第262章 這蔡絛又要作什麼妖?(1 / 1)
高衙內也迫不及待地擠開兩人,挺著肚子湊上前,依樣畫葫蘆,將他那隻胖乎乎的手伸入一個洞中。
他閉著眼,彷彿在享受什麼極品觸感,嘴裡喃喃有詞:“軟,真他孃的軟,這‘桃兒’手感極好,哈哈……”
半晌,他縮回手,放在鼻下深深一吸,然後興奮地跑到一直冷眼旁觀的西門慶身邊,用油乎乎的胖手拉住西門慶的衣袖,壓低聲音笑道:“西門兄!快去試試!真他孃的絕了,看不見比看得見還帶勁!”
西門慶靜立原地,身形挺拔如松,目光冷靜地掃過那些淪為玩物,只能被動承受這種侮辱性“品鑑”的女子,又看看那群公子哥,心中一陣冰冷的厭惡與疏離感油然而生。
他臉上依舊保持著波瀾不驚的淡然的微笑,對興奮的滿臉油光的高衙內搖了搖頭,語氣平和卻帶著不容置疑的堅定,婉拒道:“衙內好意,在下心領。只是西門慶對此道……素無研究,難解其中精妙。”
高衙內愣了一下,只當西門慶是臉皮薄、放不下讀書人的架子,或是初來乍到不好意思,訕訕地鬆開手,嘟囔道:“兄臺你也太……太過正經了。入鄉隨俗嘛,這等風雅事,有何不好意思?”
見他態度堅決,高衙內便也不再勉強,又轉身湊到其他正在熱烈討論的人群中,繼續分享他對“桃兒”的“鑑賞心得”去了。

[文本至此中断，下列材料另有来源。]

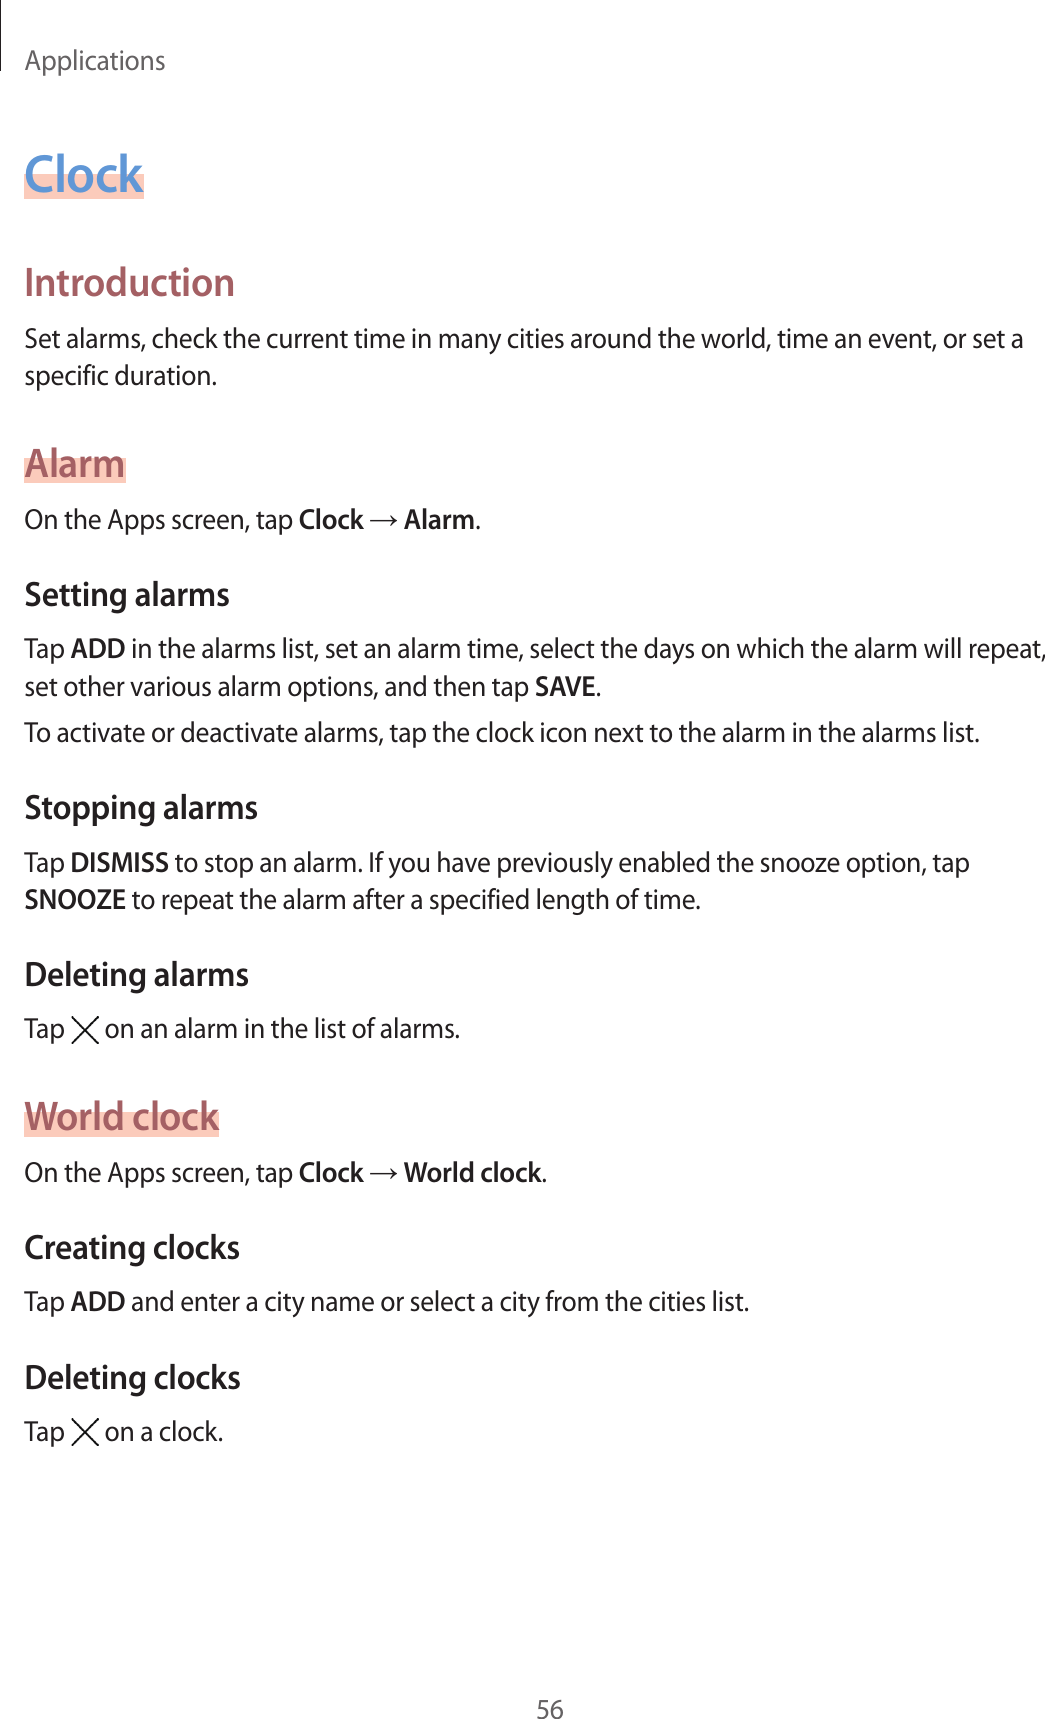 Applications56ClockIntroductionSet alarms, check the current time in many cities around the world, time an event, or set a specific duration.AlarmOn the Apps screen, tap Clock → Alarm.Setting alarmsTap ADD in the alarms list, set an alarm time, select the days on which the alarm will repeat, set other various alarm options, and then tap SAVE.To activate or deactivate alarms, tap the clock icon next to the alarm in the alarms list.Stopping alarmsTap DISMISS to stop an alarm. If you have previously enabled the snooze option, tap SNOOZE to repeat the alarm after a specified length of time.Deleting alarmsTap   on an alarm in the list of alarms.World clockOn the Apps screen, tap Clock → World clock.Creating clocksTap ADD and enter a city name or select a city from the cities list.Deleting clocksTap   on a clock.

約莫一炷香後,所有人都“品鑑”完畢,園中瀰漫著一種饜足又期待的氛圍。
蔡絛命人抬上一個鋪著明黃色貢緞的紫檀木大匣,匣蓋敞開,露出裡面明黃色的絲綢內襯。
“遊戲,方才進行了一半,現在才是見真章的時候。”蔡絛拊掌笑道,目光掃過眾人,“方才諸位都已親手‘甄選’過,心中各有評判。現在,請各位在此匣中,放入十兩黃金,權作彩頭。”
西門慶一驚,“十兩黃金”可不是小數,不知這蔡絛又要作什麼妖?
蔡絛接著說道:“若有人能準確認出方才你伸手探入的那扇屏風後,‘桃兒’所屬究竟是哪位姑娘……不僅金子原數奉還,那位姑娘,蔡某做東,今夜便由你帶走,把酒言歡,紅袖添香。若是認不出嘛……”他故意拖長了音調,帶著一種貓捉老鼠般的戲謔,“這十兩黃金,便充作文會開銷,也算是為這‘藏經院’的雅集,添磚加瓦了。”
說罷,他率先從袖中取出一錠黃澄澄金元寶,隨手一拋,那金元寶在空中劃出一道耀眼的弧線,“哐當”一聲脆響,落入鋪著黃緞的匣底。
眾公子轟然叫好,覺得這賭局刺激無比,既考驗方才的“鑑賞”功力,又帶有極大的香豔誘惑,紛紛慷慨解囊,從懷裡、袖中掏出早已備好的金錠銀票,爭相投入匣中。
一時間,叮噹之聲不絕於耳,金光閃爍,映照著一張張被貪婪和慾望刺激得發紅的面孔。
西門慶始終冷眼旁觀,並未動作,也無人強行要求他——在這等圈子裡,他終究還是個需要觀察的“外人”,這種默契的排他性,此刻反而成了他的保護色。
隨後,蔡絛見彩頭已足,便下令:“撤去屏風!”
幾名健碩軍士應聲上前,動作利落地將那些挖了洞、承載了無數齷齪心思的紫檀木屏風迅速抬走,彷彿移走了一道遮羞布。
屏風後,那十幾名女子依舊蒙著厚重的紅蓋頭,如同待宰的羔羊,愈發忐忑不安地站立著,有些人的身形甚至開始微微搖晃。
“請姑娘們,卸去紅妝,與諸位相公相見。”蔡絛語氣平淡,如同在說一件再尋常不過的事情。
侍立一旁的僕婦們面無表情地上前,如同執行一道程式,逐一地掀去了女子們矇頭的紅蓋頭。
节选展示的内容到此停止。